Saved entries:
§ §

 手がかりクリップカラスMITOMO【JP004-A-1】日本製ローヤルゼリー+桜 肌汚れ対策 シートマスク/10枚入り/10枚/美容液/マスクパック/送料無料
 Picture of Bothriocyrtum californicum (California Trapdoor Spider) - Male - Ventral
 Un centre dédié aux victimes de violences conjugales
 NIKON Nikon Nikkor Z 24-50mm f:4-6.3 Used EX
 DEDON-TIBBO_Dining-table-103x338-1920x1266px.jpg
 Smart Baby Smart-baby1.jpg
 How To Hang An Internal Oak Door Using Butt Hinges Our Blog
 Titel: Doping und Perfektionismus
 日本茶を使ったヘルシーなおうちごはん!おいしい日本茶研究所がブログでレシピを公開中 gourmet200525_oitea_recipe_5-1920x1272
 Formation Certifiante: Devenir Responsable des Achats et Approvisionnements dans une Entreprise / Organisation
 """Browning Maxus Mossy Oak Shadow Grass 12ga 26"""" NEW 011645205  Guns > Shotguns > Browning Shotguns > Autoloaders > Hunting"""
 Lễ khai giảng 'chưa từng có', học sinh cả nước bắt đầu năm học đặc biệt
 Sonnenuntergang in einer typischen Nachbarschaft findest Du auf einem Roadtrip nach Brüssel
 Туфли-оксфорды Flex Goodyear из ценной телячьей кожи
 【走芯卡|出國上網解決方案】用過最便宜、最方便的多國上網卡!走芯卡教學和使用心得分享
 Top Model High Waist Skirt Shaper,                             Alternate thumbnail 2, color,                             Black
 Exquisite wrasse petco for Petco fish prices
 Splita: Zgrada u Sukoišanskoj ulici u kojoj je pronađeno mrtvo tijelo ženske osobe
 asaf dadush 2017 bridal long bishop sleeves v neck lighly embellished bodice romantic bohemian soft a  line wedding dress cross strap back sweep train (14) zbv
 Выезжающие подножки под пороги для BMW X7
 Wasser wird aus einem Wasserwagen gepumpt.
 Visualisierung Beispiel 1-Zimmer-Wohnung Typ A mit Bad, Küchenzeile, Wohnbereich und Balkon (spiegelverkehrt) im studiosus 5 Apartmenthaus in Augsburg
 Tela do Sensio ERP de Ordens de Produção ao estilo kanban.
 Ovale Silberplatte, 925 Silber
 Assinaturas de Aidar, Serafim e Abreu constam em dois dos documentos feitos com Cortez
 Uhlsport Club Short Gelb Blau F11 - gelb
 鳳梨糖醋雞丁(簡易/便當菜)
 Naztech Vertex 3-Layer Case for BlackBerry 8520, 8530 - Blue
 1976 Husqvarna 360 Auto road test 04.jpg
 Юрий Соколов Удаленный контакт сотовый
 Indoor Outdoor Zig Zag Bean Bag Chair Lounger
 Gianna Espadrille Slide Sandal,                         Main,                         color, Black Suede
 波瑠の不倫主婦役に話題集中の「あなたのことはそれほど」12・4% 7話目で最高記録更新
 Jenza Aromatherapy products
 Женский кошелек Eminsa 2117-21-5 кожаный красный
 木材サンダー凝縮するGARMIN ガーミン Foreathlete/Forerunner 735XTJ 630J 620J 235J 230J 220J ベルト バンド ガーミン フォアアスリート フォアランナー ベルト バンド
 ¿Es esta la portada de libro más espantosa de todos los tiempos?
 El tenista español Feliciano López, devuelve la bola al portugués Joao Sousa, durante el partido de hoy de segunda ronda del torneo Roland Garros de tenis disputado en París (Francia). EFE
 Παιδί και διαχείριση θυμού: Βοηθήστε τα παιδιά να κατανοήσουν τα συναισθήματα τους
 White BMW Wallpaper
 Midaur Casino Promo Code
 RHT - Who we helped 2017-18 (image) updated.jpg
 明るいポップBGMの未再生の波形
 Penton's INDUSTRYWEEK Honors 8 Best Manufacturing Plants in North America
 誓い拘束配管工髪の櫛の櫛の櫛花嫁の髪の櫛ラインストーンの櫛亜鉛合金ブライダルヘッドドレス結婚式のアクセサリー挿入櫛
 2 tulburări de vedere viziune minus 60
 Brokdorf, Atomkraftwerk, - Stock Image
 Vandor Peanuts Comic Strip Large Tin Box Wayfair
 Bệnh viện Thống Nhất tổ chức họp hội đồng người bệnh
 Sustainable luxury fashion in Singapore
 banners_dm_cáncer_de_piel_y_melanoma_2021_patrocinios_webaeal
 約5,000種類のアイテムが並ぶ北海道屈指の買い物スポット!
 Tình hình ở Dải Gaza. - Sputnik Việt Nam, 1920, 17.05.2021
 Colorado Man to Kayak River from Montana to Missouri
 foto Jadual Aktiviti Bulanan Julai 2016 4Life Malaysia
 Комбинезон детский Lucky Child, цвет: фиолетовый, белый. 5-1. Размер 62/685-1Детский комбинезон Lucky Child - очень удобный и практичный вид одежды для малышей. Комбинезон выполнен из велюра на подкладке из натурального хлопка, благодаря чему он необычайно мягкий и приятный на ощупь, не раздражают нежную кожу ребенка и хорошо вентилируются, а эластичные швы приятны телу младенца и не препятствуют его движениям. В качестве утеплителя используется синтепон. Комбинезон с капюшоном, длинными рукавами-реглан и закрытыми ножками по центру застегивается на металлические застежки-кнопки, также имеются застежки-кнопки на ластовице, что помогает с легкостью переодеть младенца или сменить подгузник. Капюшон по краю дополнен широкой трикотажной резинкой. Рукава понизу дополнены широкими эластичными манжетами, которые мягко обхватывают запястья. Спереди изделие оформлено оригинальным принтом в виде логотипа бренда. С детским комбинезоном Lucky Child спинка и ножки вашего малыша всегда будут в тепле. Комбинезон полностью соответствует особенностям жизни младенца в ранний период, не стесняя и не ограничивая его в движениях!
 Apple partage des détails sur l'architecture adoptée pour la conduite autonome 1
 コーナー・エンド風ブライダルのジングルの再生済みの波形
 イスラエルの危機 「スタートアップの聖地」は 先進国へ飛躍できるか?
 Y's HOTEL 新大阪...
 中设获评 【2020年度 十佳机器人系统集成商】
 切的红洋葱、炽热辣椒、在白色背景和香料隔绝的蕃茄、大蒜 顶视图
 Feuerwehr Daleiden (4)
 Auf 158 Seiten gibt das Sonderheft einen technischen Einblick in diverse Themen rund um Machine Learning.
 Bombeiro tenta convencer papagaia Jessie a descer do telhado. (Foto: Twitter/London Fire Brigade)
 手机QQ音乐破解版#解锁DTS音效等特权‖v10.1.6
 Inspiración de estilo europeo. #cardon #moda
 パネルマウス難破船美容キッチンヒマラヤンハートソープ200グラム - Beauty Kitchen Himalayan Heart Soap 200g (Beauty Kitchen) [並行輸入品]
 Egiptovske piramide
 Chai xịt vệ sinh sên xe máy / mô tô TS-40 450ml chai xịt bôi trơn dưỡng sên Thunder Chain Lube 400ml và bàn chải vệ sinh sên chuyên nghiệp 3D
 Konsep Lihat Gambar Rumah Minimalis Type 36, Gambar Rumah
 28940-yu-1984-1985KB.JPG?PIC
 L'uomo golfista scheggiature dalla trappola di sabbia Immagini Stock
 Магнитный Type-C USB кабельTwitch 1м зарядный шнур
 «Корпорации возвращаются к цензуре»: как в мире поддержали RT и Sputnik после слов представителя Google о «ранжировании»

§ §

**WHAT YOU HAVE TO DO**
From the records above, extract exactly and only the lines that begin at the line with "Wasser wird aus einem Wasserwagen gepumpt." and stop after the line with "Penton's INDUSTRYWEEK Honors".

**REPLY**
 Wasser wird aus einem Wasserwagen gepumpt.
 Visualisierung Beispiel 1-Zimmer-Wohnung Typ A mit Bad, Küchenzeile, Wohnbereich und Balkon (spiegelverkehrt) im studiosus 5 Apartmenthaus in Augsburg
 Tela do Sensio ERP de Ordens de Produção ao estilo kanban.
 Ovale Silberplatte, 925 Silber
 Assinaturas de Aidar, Serafim e Abreu constam em dois dos documentos feitos com Cortez
 Uhlsport Club Short Gelb Blau F11 - gelb
 鳳梨糖醋雞丁(簡易/便當菜)
 Naztech Vertex 3-Layer Case for BlackBerry 8520, 8530 - Blue
 1976 Husqvarna 360 Auto road test 04.jpg
 Юрий Соколов Удаленный контакт сотовый
 Indoor Outdoor Zig Zag Bean Bag Chair Lounger
 Gianna Espadrille Slide Sandal,                         Main,                         color, Black Suede
 波瑠の不倫主婦役に話題集中の「あなたのことはそれほど」12・4% 7話目で最高記録更新
 Jenza Aromatherapy products
 Женский кошелек Eminsa 2117-21-5 кожаный красный
 木材サンダー凝縮するGARMIN ガーミン Foreathlete/Forerunner 735XTJ 630J 620J 235J 230J 220J ベルト バンド ガーミン フォアアスリート フォアランナー ベルト バンド
 ¿Es esta la portada de libro más espantosa de todos los tiempos?
 El tenista español Feliciano López, devuelve la bola al portugués Joao Sousa, durante el partido de hoy de segunda ronda del torneo Roland Garros de tenis disputado en París (Francia). EFE
 Παιδί και διαχείριση θυμού: Βοηθήστε τα παιδιά να κατανοήσουν τα συναισθήματα τους
 White BMW Wallpaper
 Midaur Casino Promo Code
 RHT - Who we helped 2017-18 (image) updated.jpg
 明るいポップBGMの未再生の波形
 Penton's INDUSTRYWEEK Honors 8 Best Manufacturing Plants in North America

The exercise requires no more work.